DeFi Sentinel - Comprehensive Fraud Detection System for Decentralized Exchanges

Project Overview

DeFi Sentinel is an advanced cryptocurrency fraud detection system that employs distributed computing and sophisticated analytics to identify suspicious activities in decentralized exchanges (DEX). The project implements a multi-layered approach combining rule-based detection, machine learning, and graph-based network analysis to provide robust protection against evolving fraud techniques in the cryptocurrency space.

Key Objectives Achieved

Developed three complementary pipelines for comprehensive cryptocurrency fraud detection
Successfully implemented a modular architecture enabling detection at multiple levels of sophistication
Delivered an end-to-end system deployed on Google Cloud Platform to ensure scalability and real-time processing
Created an integrated data warehouse for unified analysis and visualization of detected anomalies

Pipeline Architecture

The system consists of three specialized, complementary detection pipelines:

1. Rule-Based Batch Processing

This pipeline applies established rules to identify known fraud patterns in historical blockchain data:

Flash Trade Detection: Identifies rapid buying and selling of tokens to manipulate prices
Same Token Swap Analysis: Detects circular trades that create artificial volume
Rapid Transaction Sequencing: Spots unusual patterns of high-frequency trades that may indicate market manipulation
Implemented using: Apache Spark on Google Dataproc for distributed batch processing of blockchain data
Trigger mechanism: Cloud Functions automatically initiate processing on schedule or when new data arrives
Significance: Provides baseline detection of established fraud patterns with minimal false positives

2. ML-Based Stream Processing

This pipeline applies machine learning for real-time fraud detection of anomalies:

Isolation Forest Algorithm: Uses statistical anomaly detection to identify outlier transactions
Real-time Processing: Analyzes transaction data as it occurs on the blockchain
Temporal Pattern Recognition: Identifies unusual timing patterns that deviate from normal trading behavior
Implemented using: Apache Beam on Google Dataflow with containerized processing
Significance: Enables detection of previously unknown fraud patterns and adapts to evolving threats

3. Graph-Based Network Analysis

This pipeline focuses on relationship analysis between wallets and transactions:

PageRank Analysis: Identifies influential addresses in the transaction network
Community Detection: Discovers related trading groups that may be collaborating
KMeans Clustering: Groups wallets based on behavioral features (e.g., in/out-degree, volume ratios); flags addresses that are far from cluster centroids as anomalous
Cluster Analysis: Finds anomalous behavior patterns across the network
Implemented using: GraphFrames on Apache Spark for graph analytics
Significance: Reveals sophisticated fraud schemes that involve multiple coordinated accounts and complex transaction patterns

Source Code Structure

This repository contains the following key components:

1. Rule-Based Batch Processing (`/Batch_processing/`)

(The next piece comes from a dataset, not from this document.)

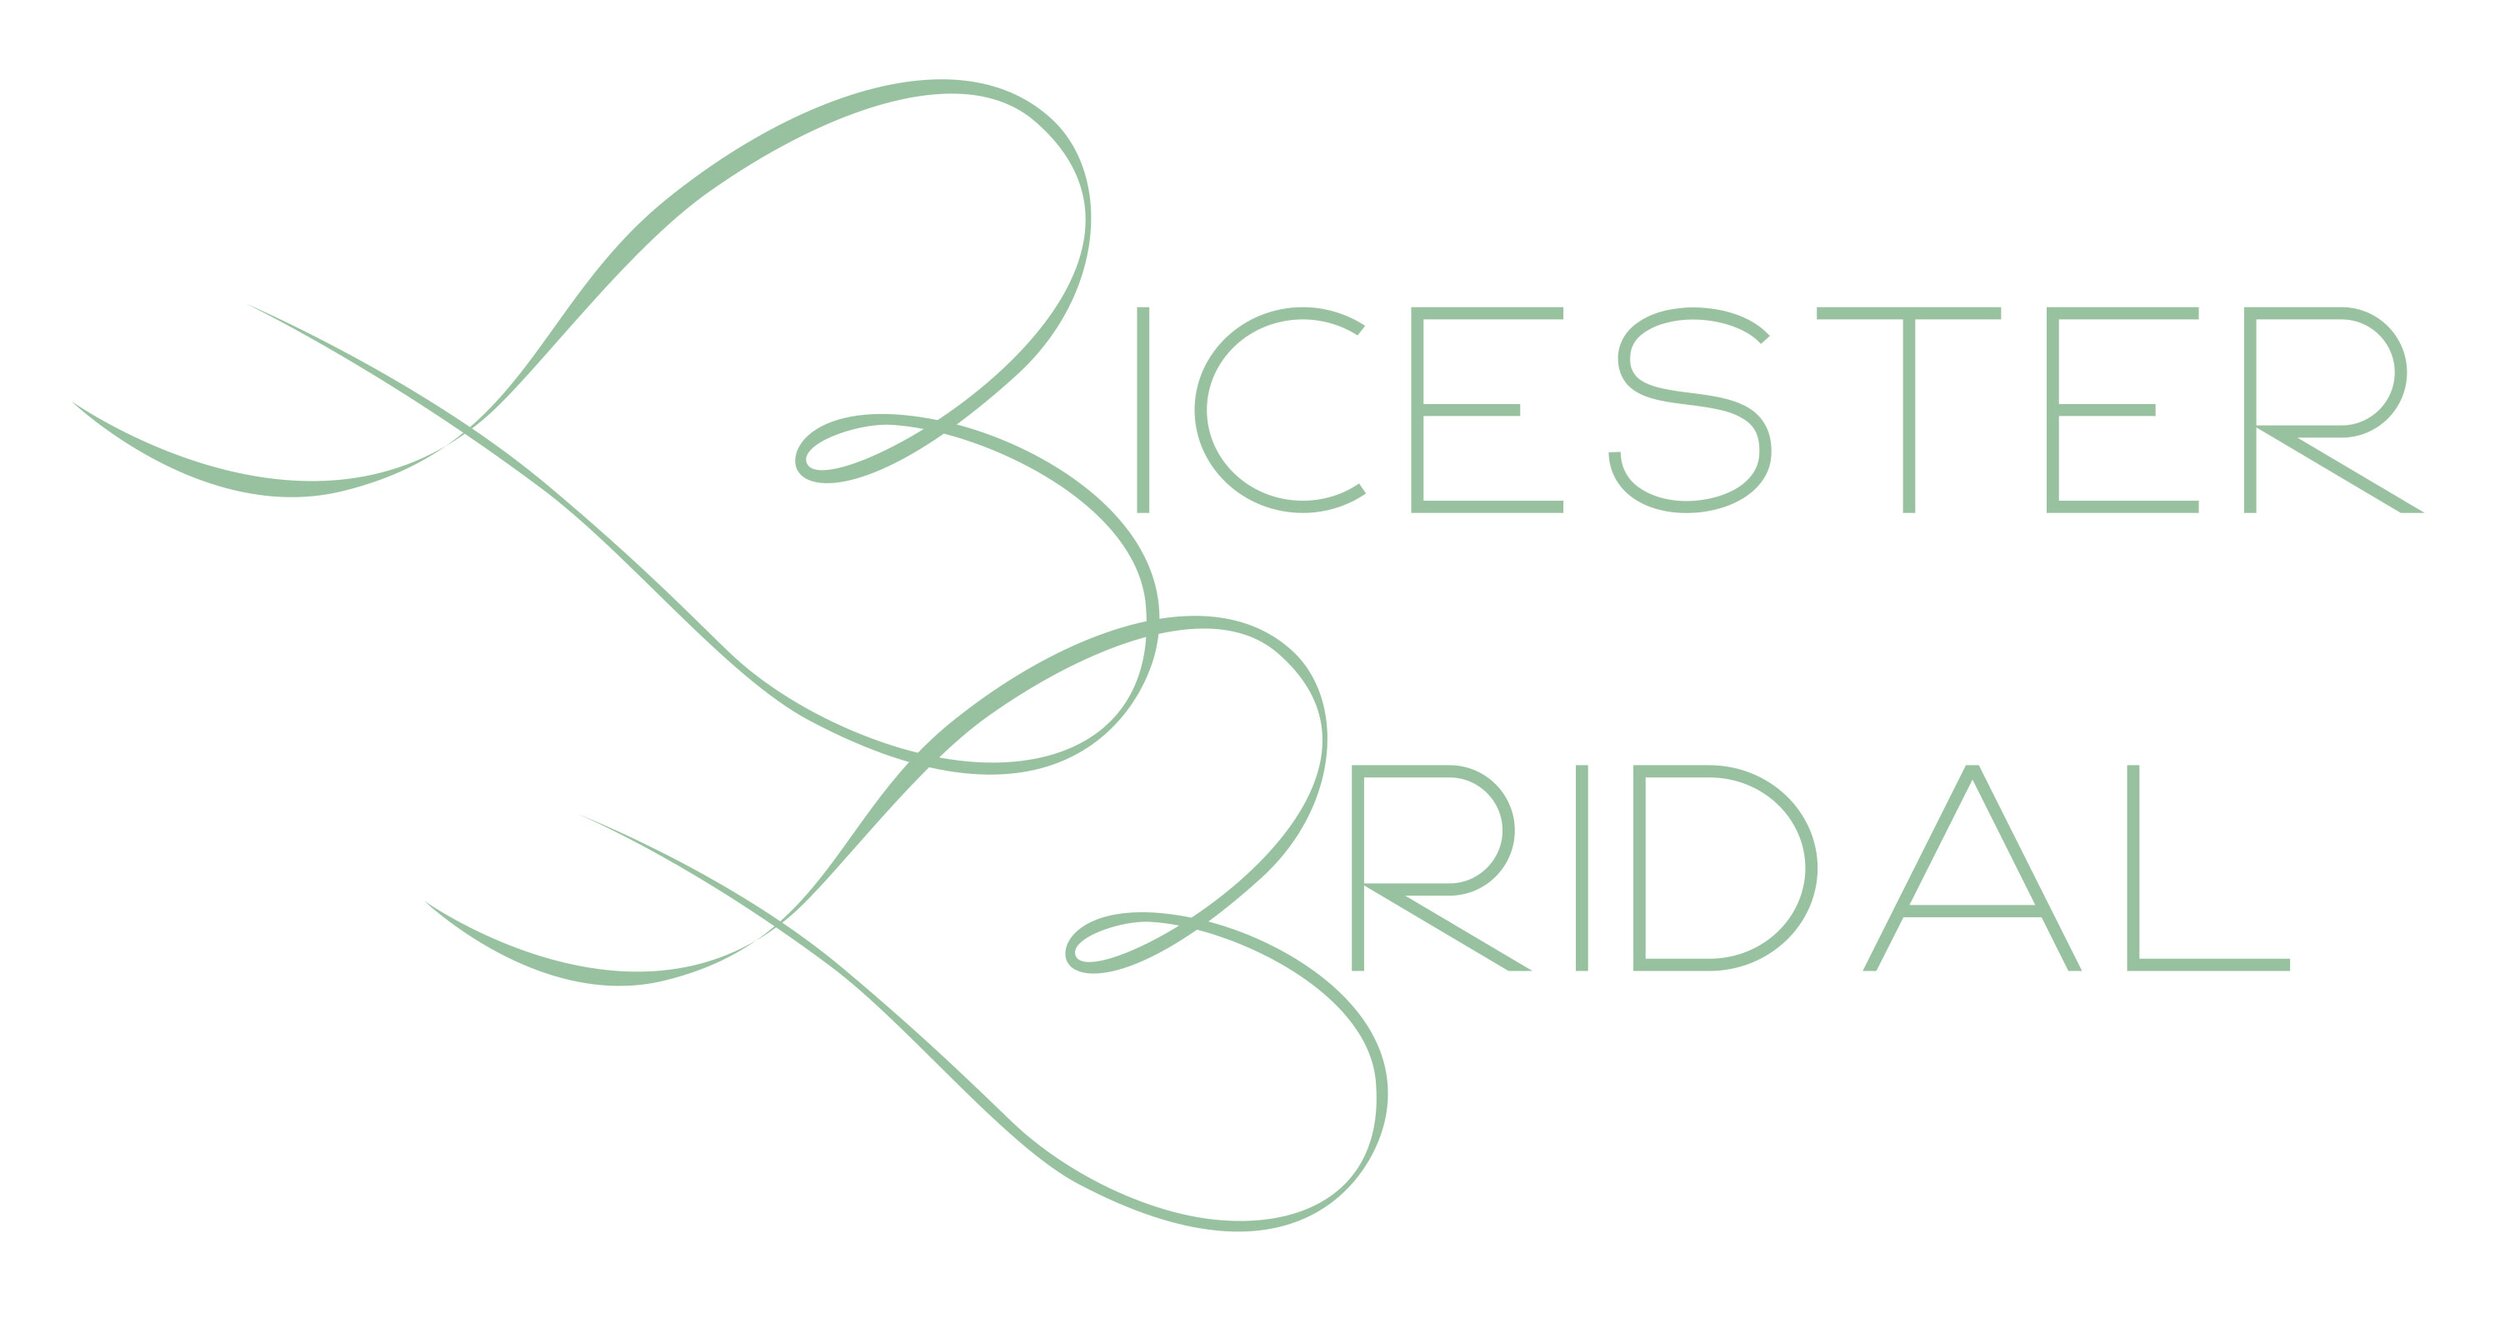 Bicester Bridal logo.jpg

spark-job.py: Main PySpark application that implements rule-based fraud detection algorithms
cloud_functions/: Code that runs inside the cloud function that trigger the dataproc

2. ML-Based Stream Processing (`/beam_custom_pipeline/`)

rules.py: Apache Beam pipeline for real-time fraud detection using Isolation Forest
Dockerfile: Dockerfile to create the docker container
gcp_docker.sh: Script for deploying the docker container in gcr and create data flex template

3. Graph-Based Analytics (`/Network_analysis_batch_processing/`)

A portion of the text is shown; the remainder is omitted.